Les attaques terroristes survenues récemment dans la province du Lac ont suscité une vive émotion au sein de l’opinion publique tchadienne. Tristesse, colère, indignation, inquiétude : ces réactions sont légitimes face à la perte de vies humaines et à la douleur des familles touchées.
Mais dans ces moments sensibles, une autre responsabilité s’impose à nous : ne pas laisser nos émotions non contrôlées aggraver la crise, notamment sur les réseaux sociaux.

L’émotion est légitime, la désinformation ne l’est pas
Après un drame, beaucoup veulent réagir rapidement : publier un message, partager une image, commenter une information ou exprimer leur colère. Cela est compréhensible. Cependant, lorsque nous diffusons des bilans non vérifiés, des vidéos incertaines, des accusations sans preuve ou des propos excessifs, nous risquons d’ajouter de la confusion à la douleur.

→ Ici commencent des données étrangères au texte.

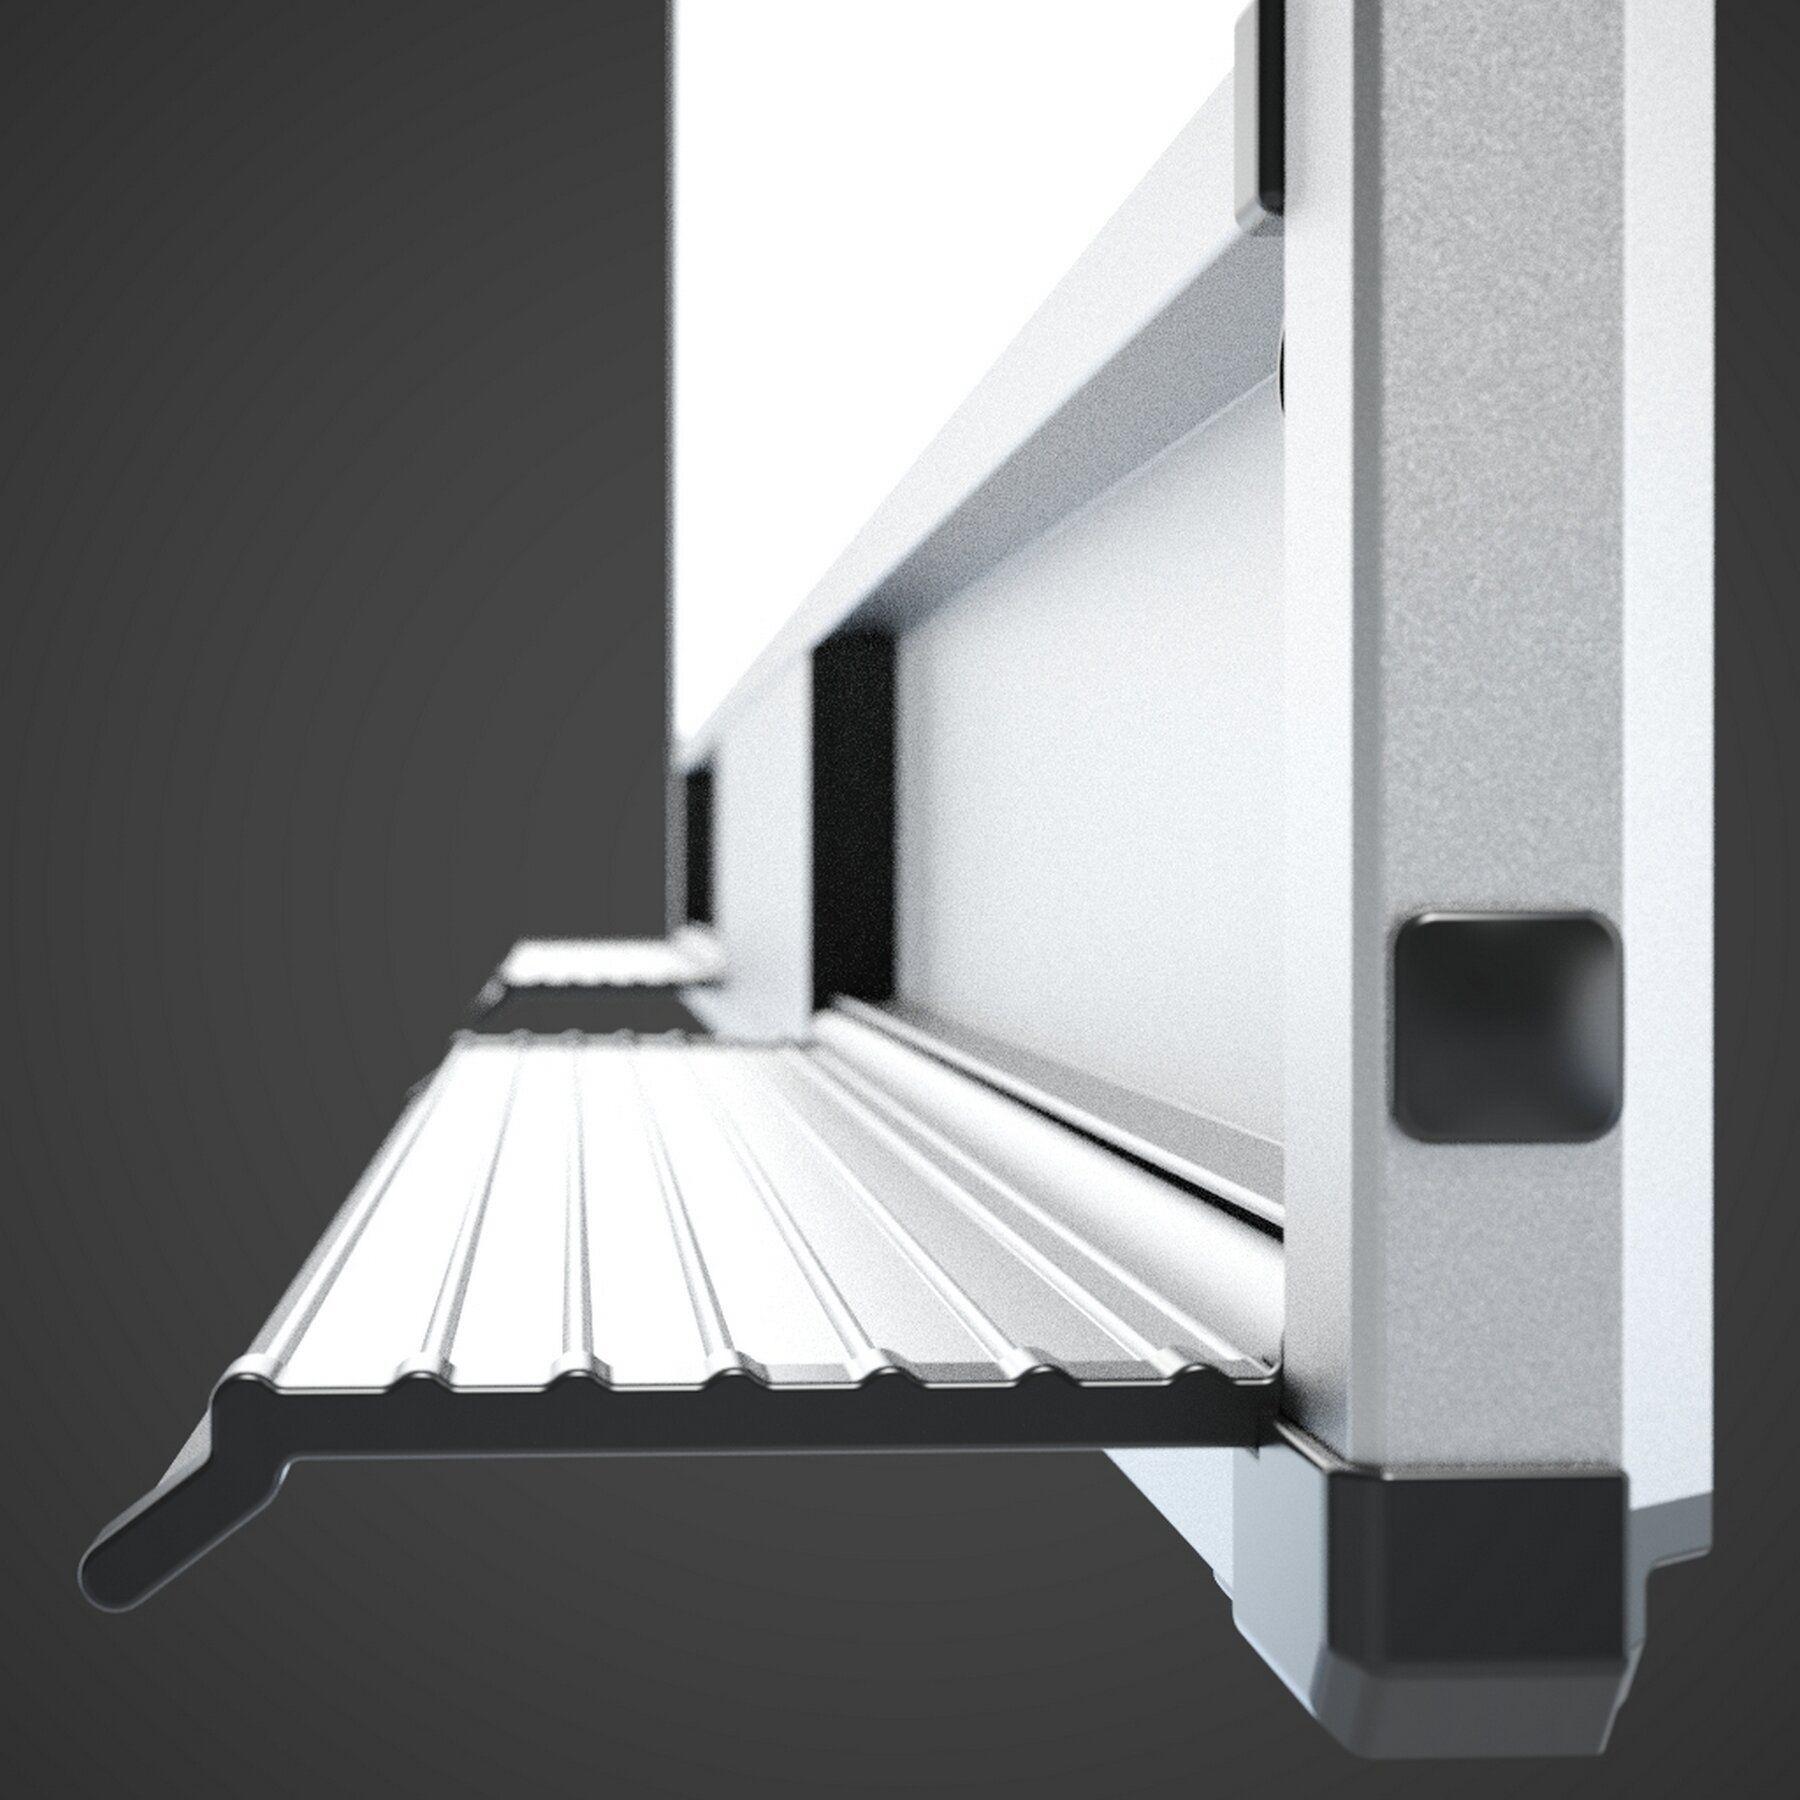 Доска белая магнитная сухостираемая StarBoard 60*90см., алюминиевая рамка, лак 2x3 - фото 7

Un citoyen responsable ne relaie pas une information seulement parce qu’elle choque ou correspond à son émotion. Il prend le temps de vérifier, de chercher la source et de mesurer les conséquences de sa publication.
Les réseaux sociaux ne doivent pas devenir un espace de surenchère
Dans les heures qui suivent une attaque, certains commentaires deviennent parfois plus violents que constructifs. On accuse, on généralise, on insulte, on appelle à la vengeance ou l’on présente comme des certitudes des informations encore floues.
Or, cette surenchère émotionnelle ne protège ni les victimes, ni les populations du Lac, ni la Nation. Au contraire, elle peut : renforcer la peur ; créer des tensions inutiles ; nourrir la haine ; fragiliser la cohésion nationale ; détourner l’attention des vraies questions de sécurité et de protection des citoyens.
Face au terrorisme, nous devons éviter de devenir, malgré nous, des relais de panique ou de division.
Exprimer sa colère, oui ; perdre sa lucidité, non
La citoyenneté ne consiste pas à rester silencieux devant l’injustice ou l’insécurité. Elle consiste à s’exprimer avec responsabilité.
Nous avons le droit : de rendre hommage aux victimes ; de soutenir les familles endeuillées ; de saluer les forces de défense et de sécurité ; de demander des réponses efficaces des autorités ; d’exiger une meilleure protection des populations.
Mais nous devons refuser : la publication d’informations non confirmées ; la diffusion d’images humiliantes ou choquantes ; les accusations sans fondement ; les discours qui stigmatisent des communautés ; les réactions impulsives qui alimentent la tension.
Avant de partager, posons-nous quelques questions
Avant de publier ou de relayer un contenu sur une attaque, chacun peut se demander : Cette information est-elle vérifiée ? La source est-elle fiable ? Cette publication aide-t-elle réellement ? Respecte-t-elle la dignité des victimes ? Est-ce que je contribue à informer ou simplement à propager mon émotion ?
Ces quelques secondes de recul peuvent éviter beaucoup de tort.
Une citoyenneté numérique à construire
La lutte contre le terrorisme est d’abord une responsabilité de l’État. Mais la préservation de la cohésion nationale concerne chaque citoyen. Dans un contexte de crise, les réseaux sociaux doivent servir à : informer avec prudence ; appeler à l’unité ; soutenir les victimes ; promouvoir la solidarité ; éviter les propos qui divisent ou aggravent les tensions.
Le patriotisme ne consiste pas à publier le message le plus dur. Il consiste à défendre son pays sans perdre le sens de la vérité, de la dignité et de la responsabilité.
Conclusion
La province du Lac mérite notre solidarité. Les victimes méritent notre respect. Les familles endeuillées méritent notre compassion. Mais notre pays mérite aussi que nous restions lucides.
Face au terrorisme, la douleur ne doit pas devenir désordre. La colère ne doit pas devenir haine. L’émotion ne doit pas devenir désinformation.
Être citoyen aujourd’hui, c’est aussi apprendre à maîtriser sa parole sur les réseaux sociaux, surtout lorsque la Nation traverse des moments difficiles.